We can see the associated data with context reference documents which will be important for our deployment. Note to make sure there are not duplicate sources we have to create a set of tuples containing the title and url:
references = {(doc.metadata['title'], doc.metadata['url']) for doc in response['context']}
references
{('Radio and Television Report to the American People on the Berlin Crisis, July 25, 1961',
'https://www.jfklibrary.org//archives/other-resources/john-f-kennedy-speeches/berlin-crisis-19610725'),
('Remarks of President John F. Kennedy at the Rudolph Wilde Platz, Berlin, June 26, 1963',
'https://www.jfklibrary.org//archives/other-resources/john-f-kennedy-speeches/berlin-w-germany-rudolph-wilde-platz-19630626')}
4. Deploying A RAG Application ¶
Now in order to deploy this in a Streamlit App I'll create a function that called ask_question that takes in a question and an index_name for the vector database, it then runs all the logic we went through above and returns the response dictionary.
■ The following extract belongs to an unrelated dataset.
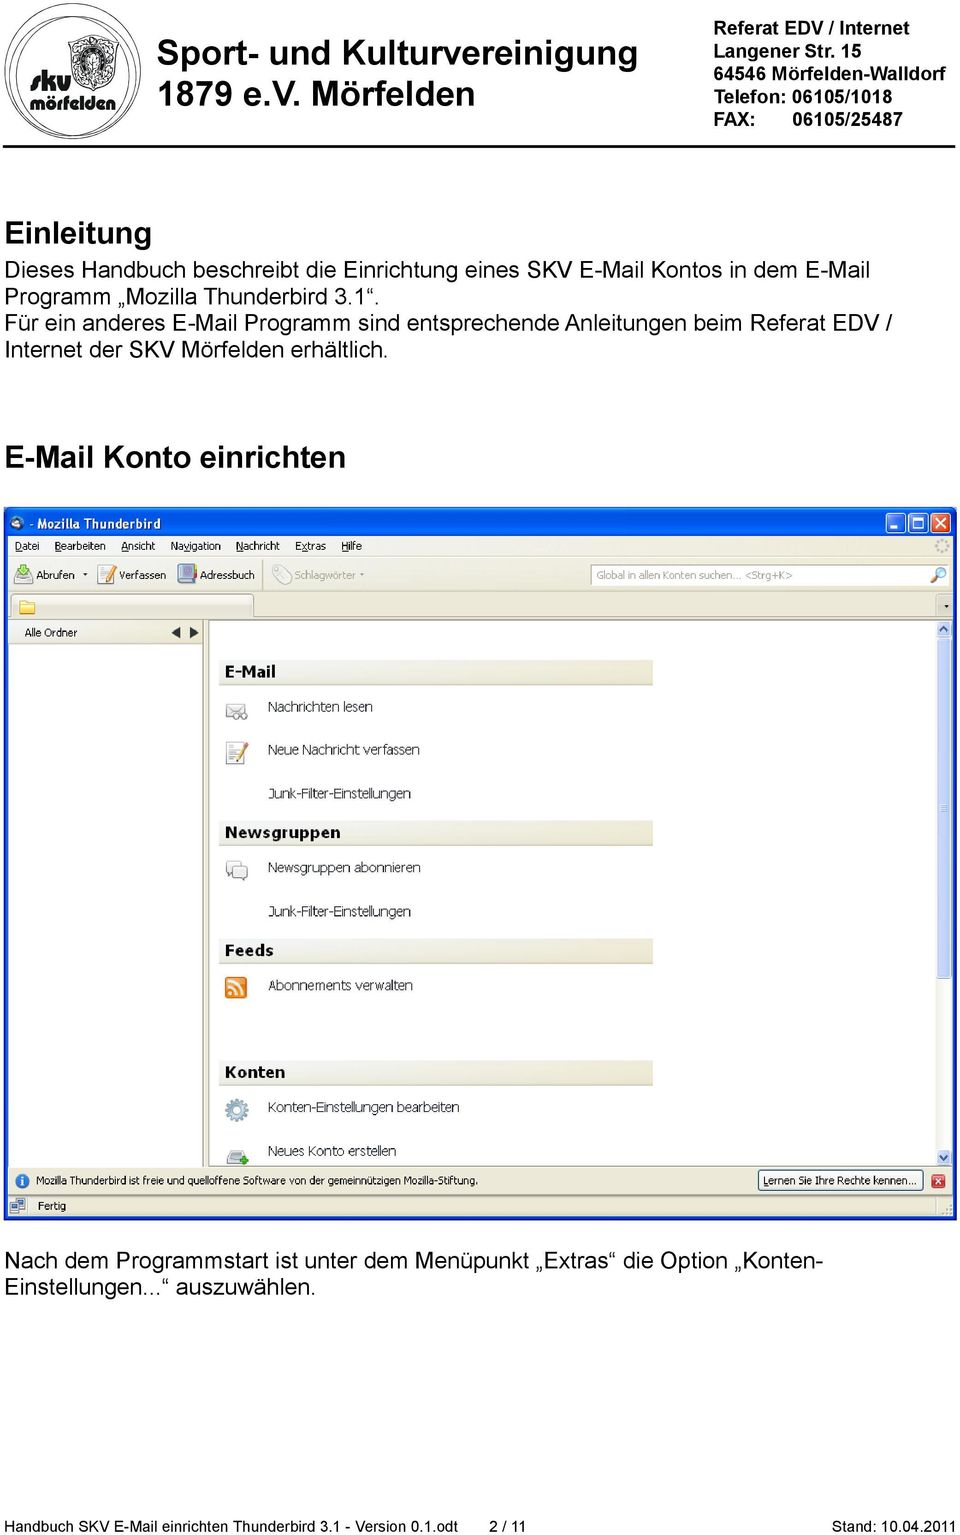 Für ein anderes E-Mail Programm sind entsprechende Anleitungen beim Referat EDV / Internet der SKV Mörfelden

I'll then print the answer from the LLM and then print out the retrieved documents as sources for the with the title as the speech and the the url as a hyperlink. The entire streamlit app with an example is shown below,
I won't go through the process of deploying this app to Google Cloud Run as I have covered that pretty extensively in a prior post.
5. Conclusions ¶
In this post I covered the basics of creating a Retrivial Augumented Generation (RAG) App using Langchain and deploying it as a Streamlit App. The RAG application is based on Speeches made by President Kenendy and were stored in a Pinecone Vector database. In a future post I will go over methods of evaluating and testing the RAG pipeline, but this is enough for now. Hope you enjoyed it!